I had also noted that ABS/YAW sensor acted up while above RST hassle was going on ,--- which has not been resolved since. In checking more, I found that a service tech had attached a battery charger to the SL600 of the old uncontrolled type and that it "boiled out" the acid in the battery. This was not disclosed openly in past . As an EE, I know that can only happen at 15V or more,so battery was grossly overcharged.One poster on another board noted that the YAW sensor and RST controller are the ones that take a hit on overvoltage or incorrect jumping. So a lot of the problems we may be seeing on the RST controller are due to incompetently charging the battery after it goes dead overwinter? I think this is very possible. Volts should ideally NEVER go over 14.

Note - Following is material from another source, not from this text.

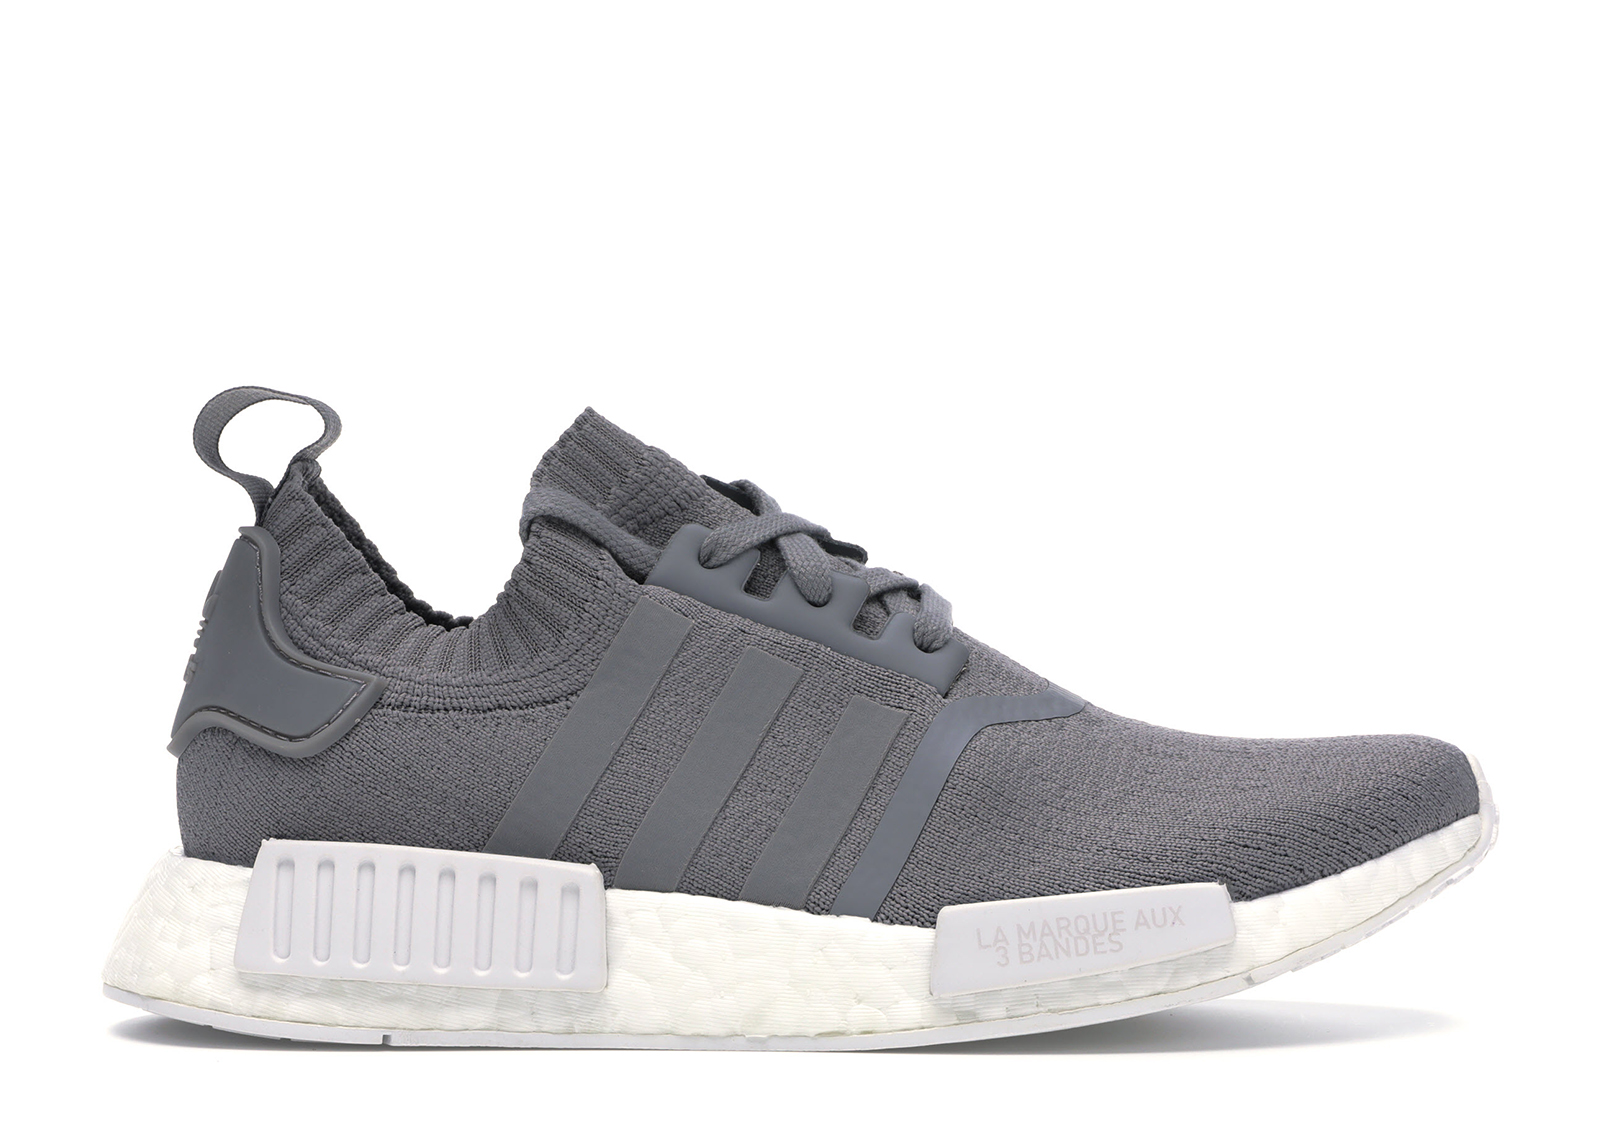 adidas nmd vapour grey for sale

So bought a new (used) Yaw sensor on ebay and sending 3126 style RST control to BBA next week.

Motorola at one time sold a 50A 'load dump" zener for cars to clamp the max voltage or spikes for any reason....such a device might protect us from this huge hassle.
In every case , 6-7 times the top was not disturbed after being parked in fall, working fine,yet problems in spring,--I am starting to see why,,maybe. If undamaged, cycling the windows and disconnecting battery brings it back, but if overvolted it is toast. Also read a post that trunk must be closed when cycling windows? Is trunk lid or luggage cover sensed in this context?